| Task requirements |
What is needed is an exact reproduction of the listing, without its pictures.

*** Provided data Section Begins ***

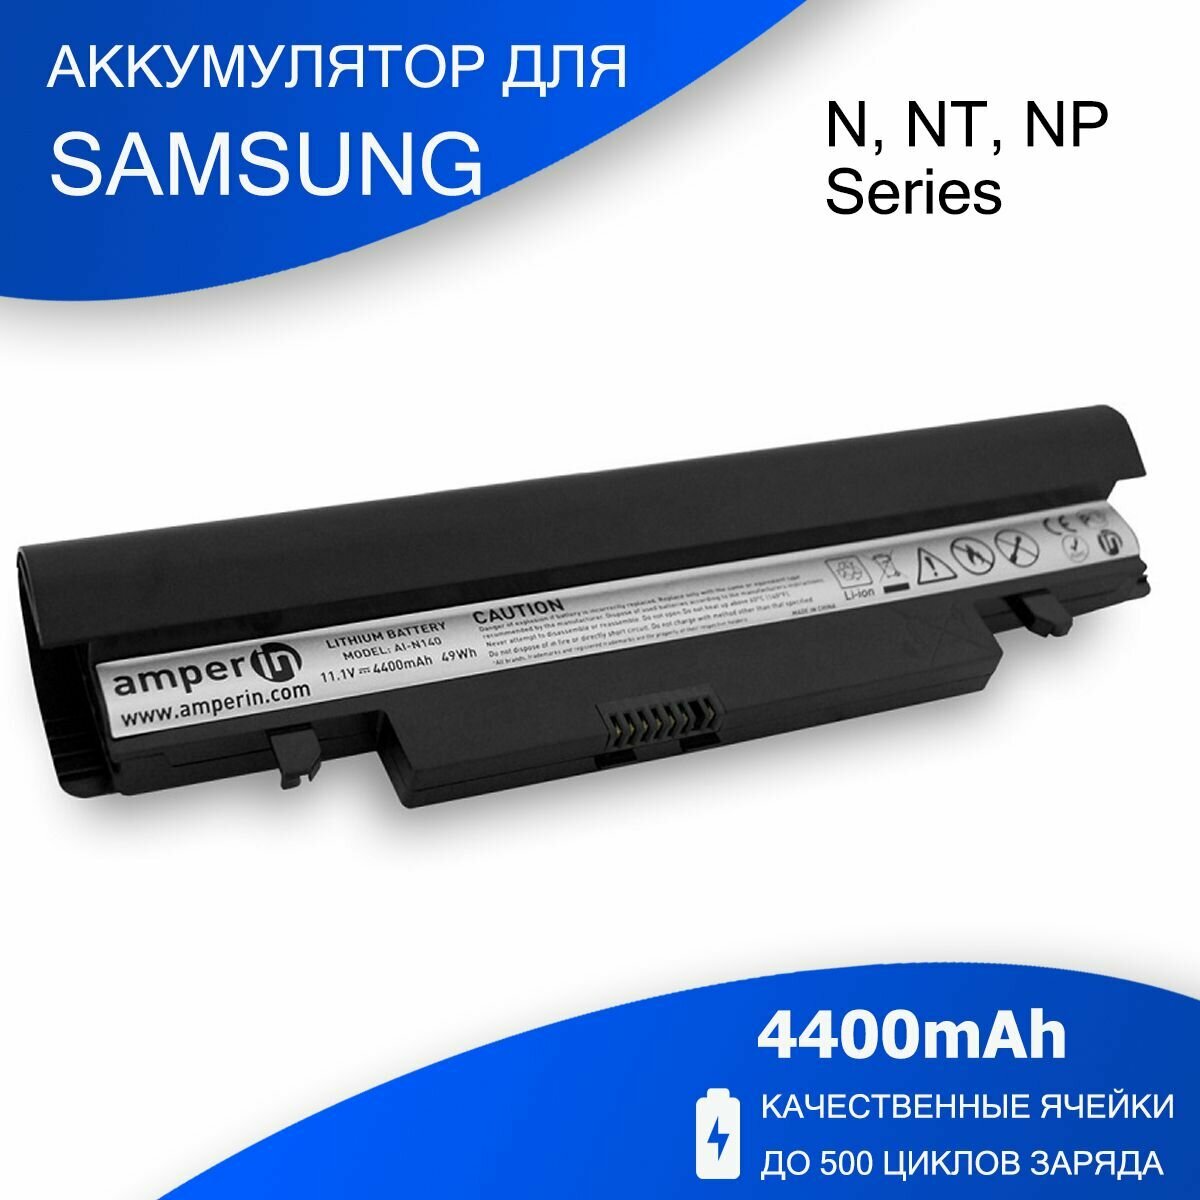 Аккумулятор Amperin для Samsung N NT NP Series 11.1V 4400mAh (49Wh) AI-N140
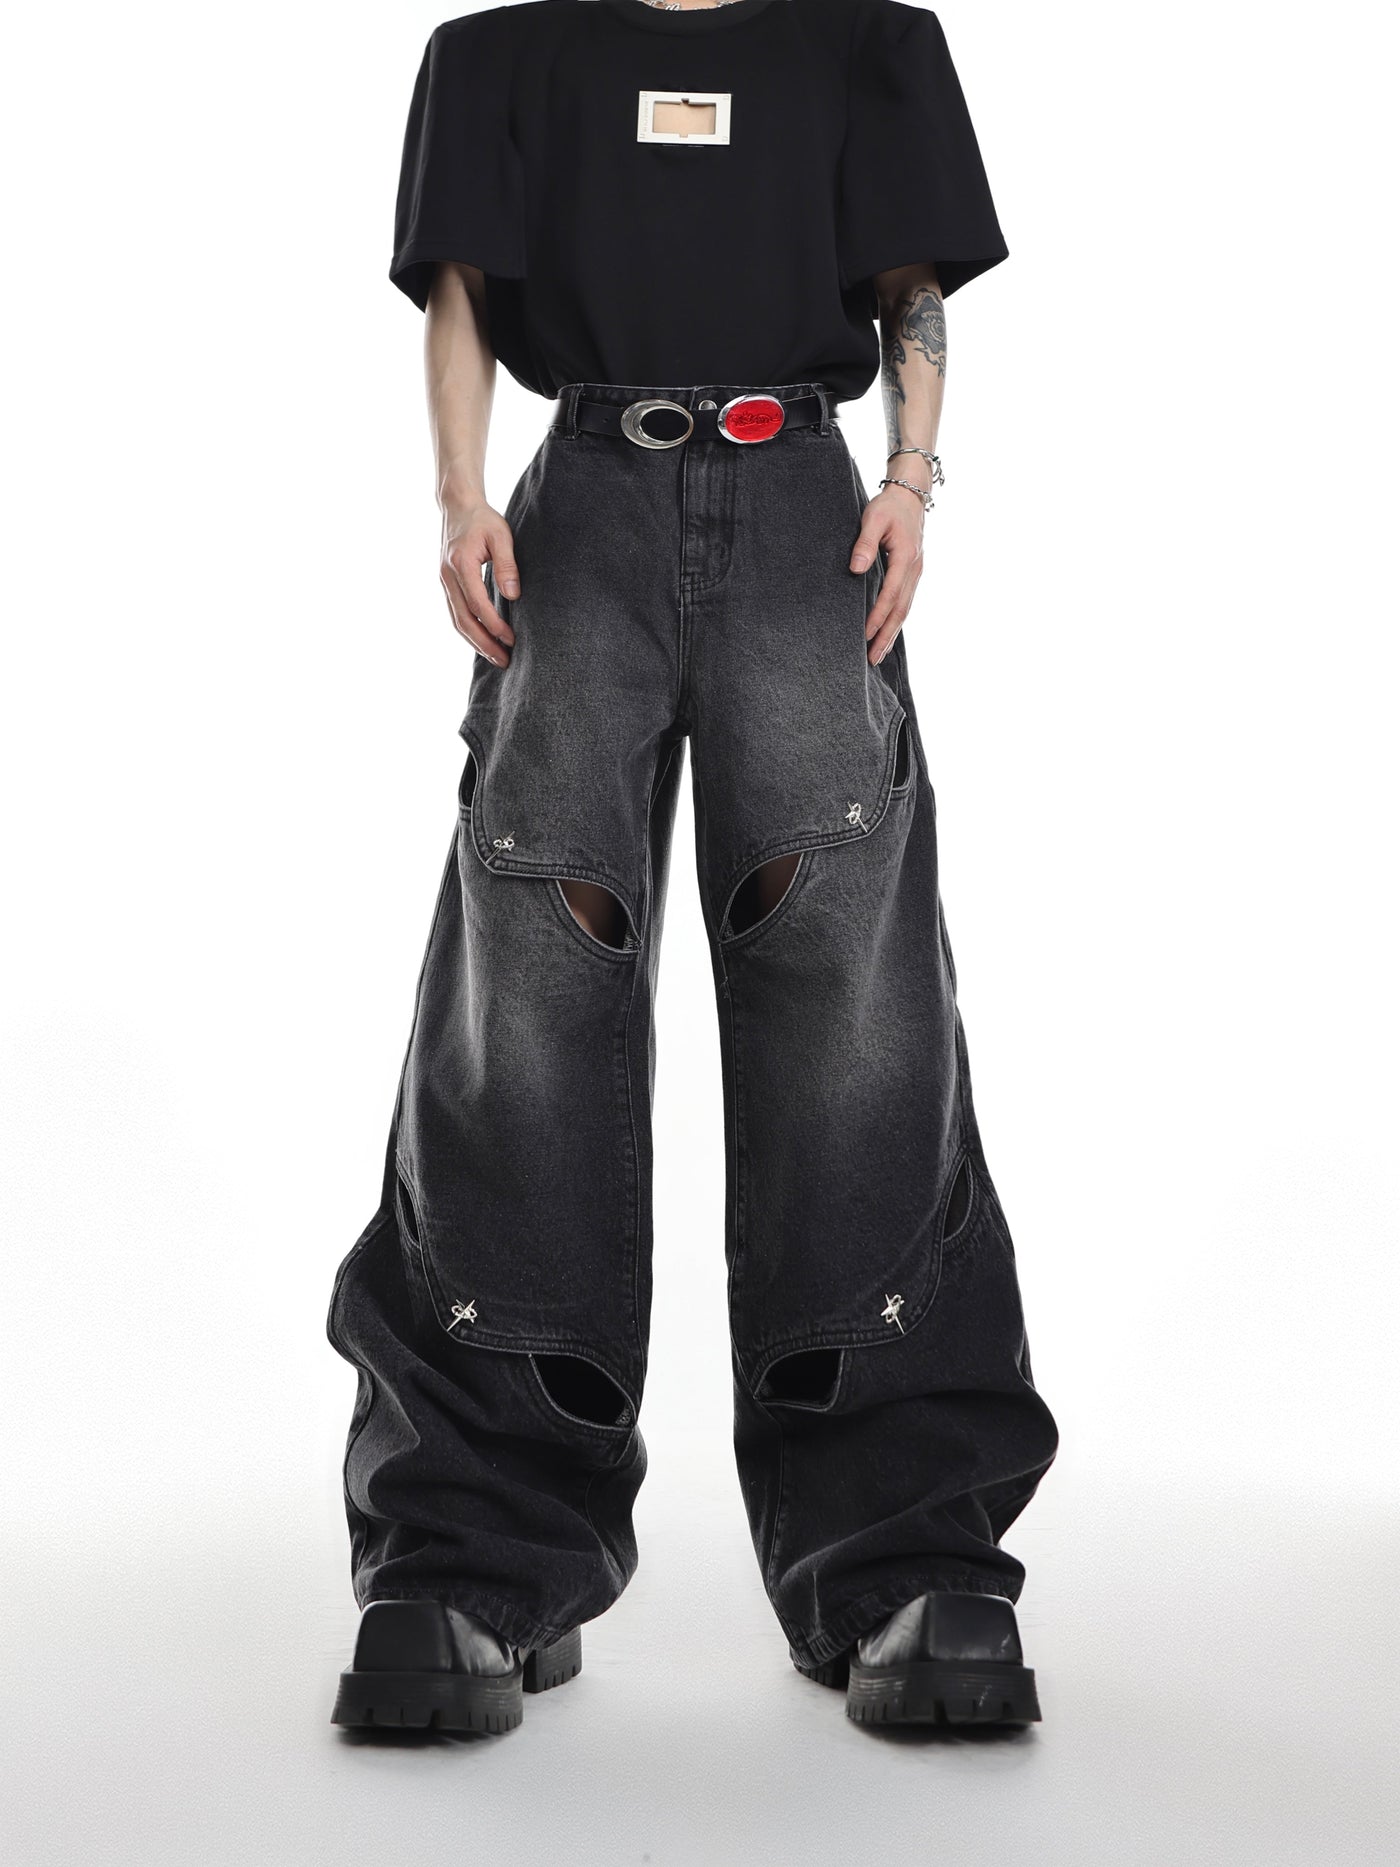 Argue Culture Washed Metal Buttoned Hollow Jeans Korean Street Fashion Jeans By Argue Culture Shop Online at OH Vault
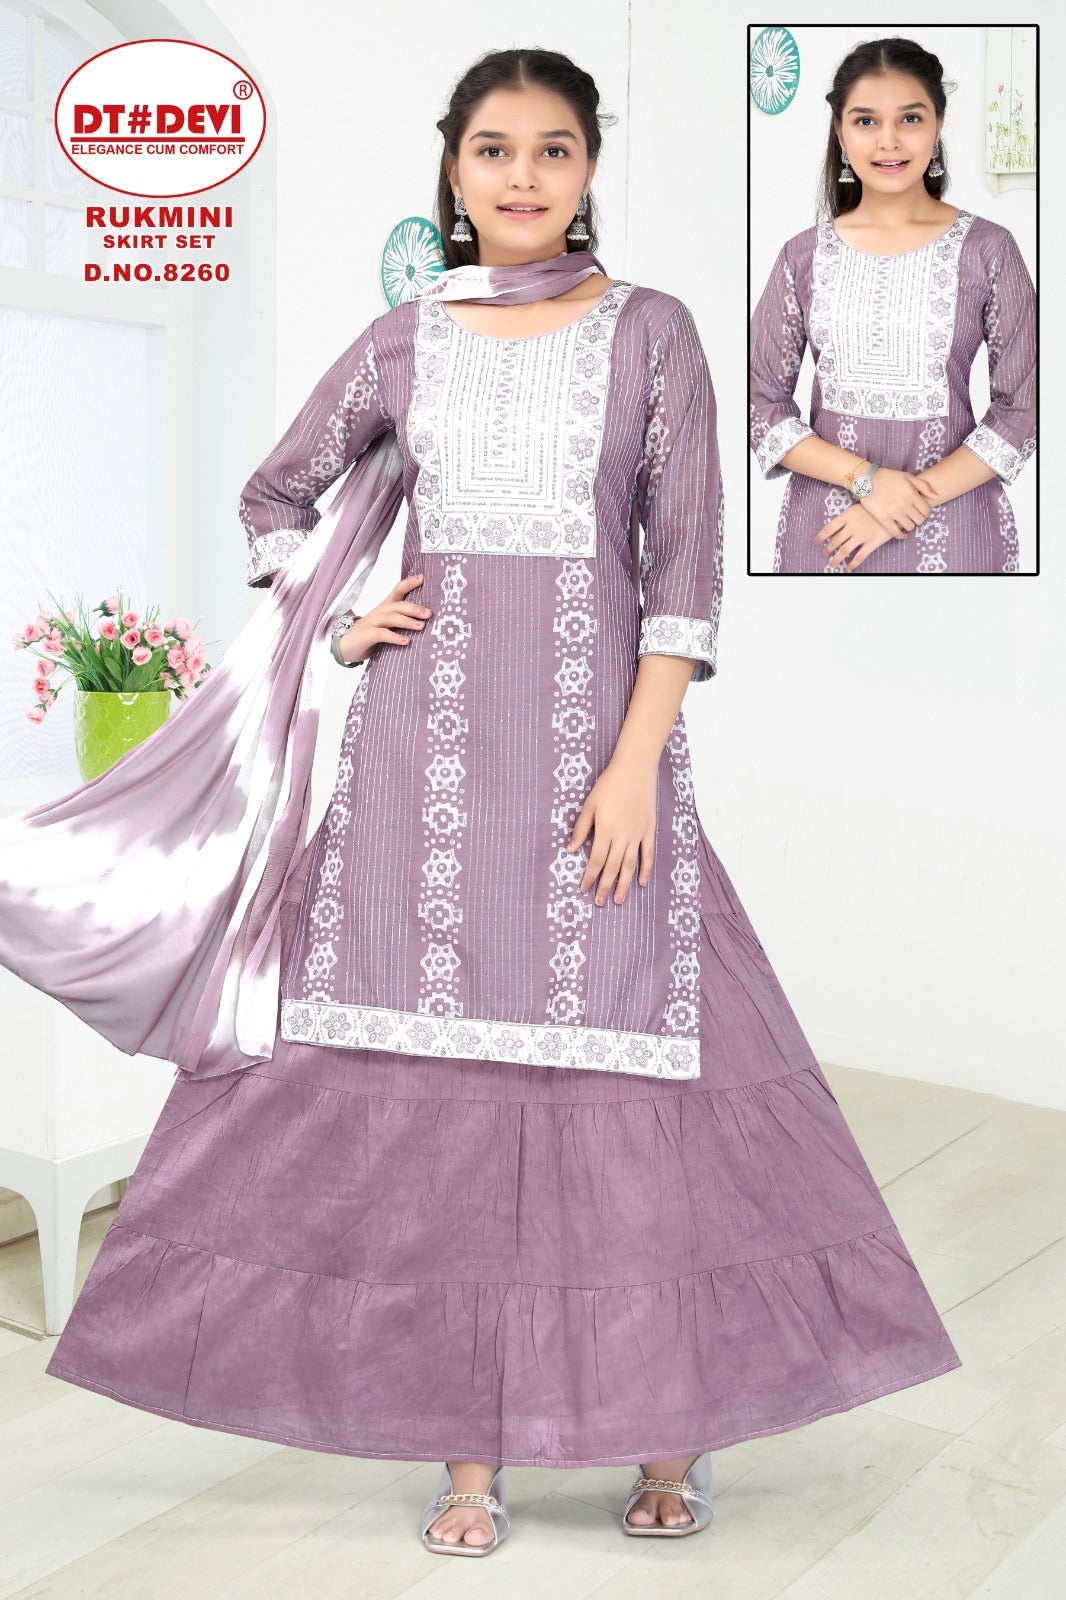 Rukmini-8260 Dt Devi Silk Readymade Skirt Style Suits
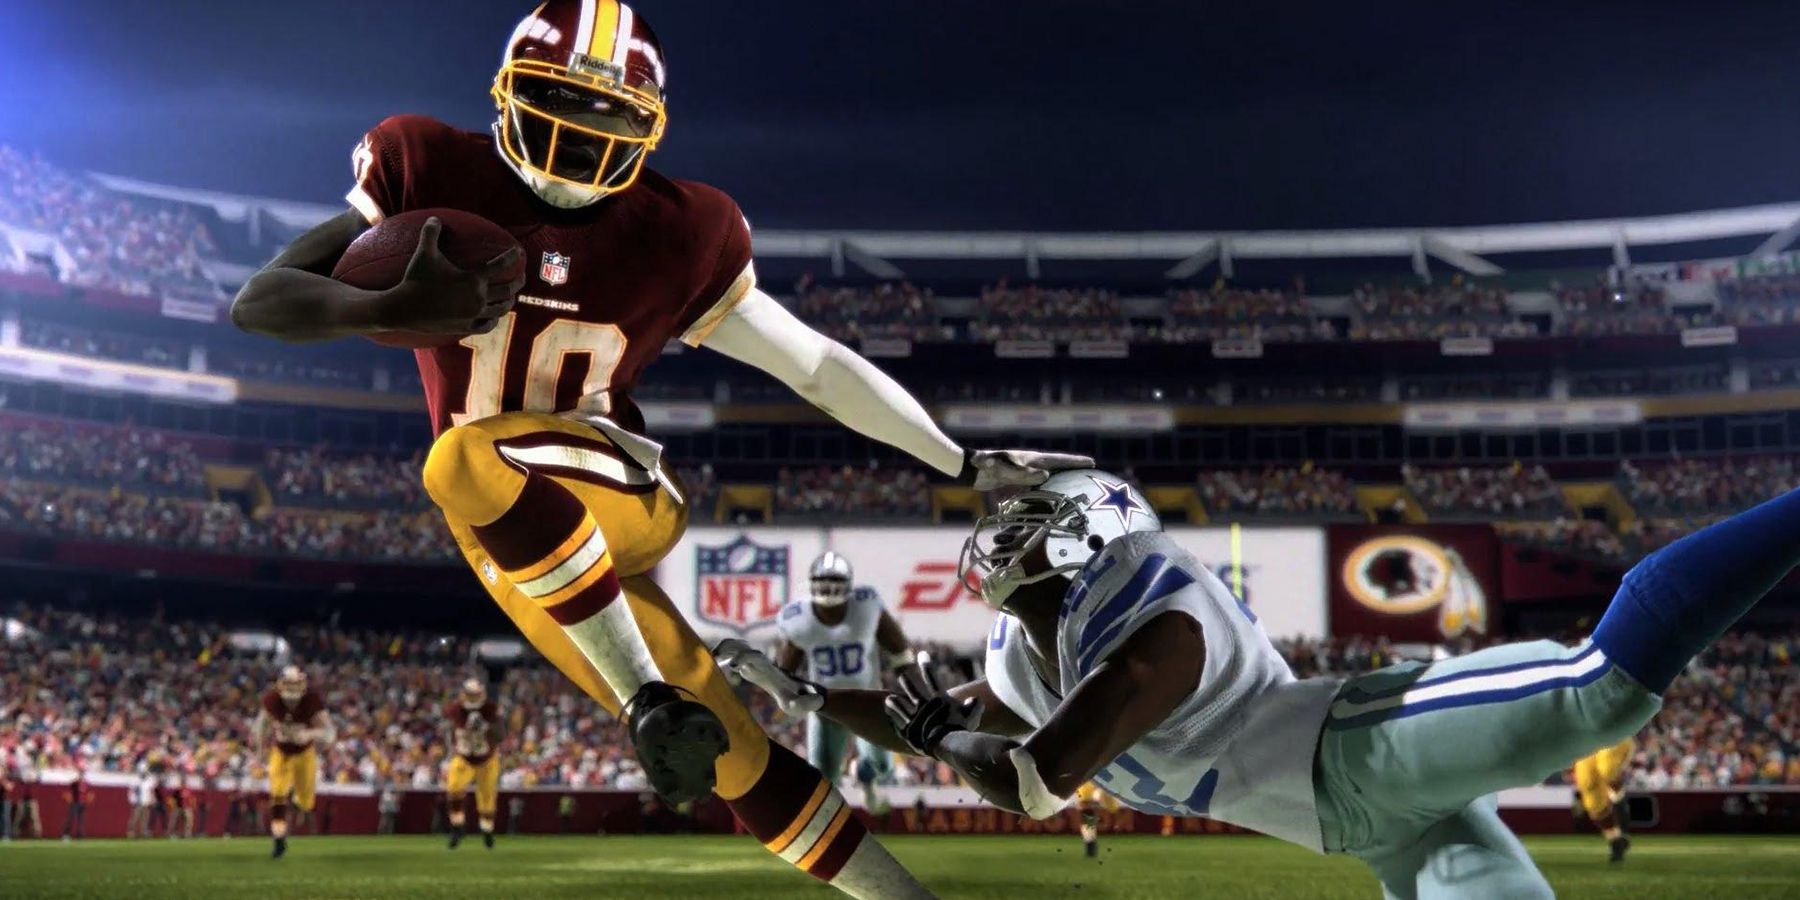 Madden NFL 15, captura de pantalla del anuncio del juego que muestra a un jugador evitando una entrada fallida.

*** Provided data Section Ends ***

| Solution below |
 Аккумулятор Amperin для Samsung N NT NP Series 11.1V 4400mAh (49Wh) AI-N140
 Argue Culture Washed Metal Buttoned Hollow Jeans Korean Street Fashion Jeans By Argue Culture Shop Online at OH Vault
 Rukmini-8260 Dt Devi Silk Readymade Skirt Style Suits
 Madden NFL 15, captura de pantalla del anuncio del juego que muestra a un jugador evitando una entrada fallida.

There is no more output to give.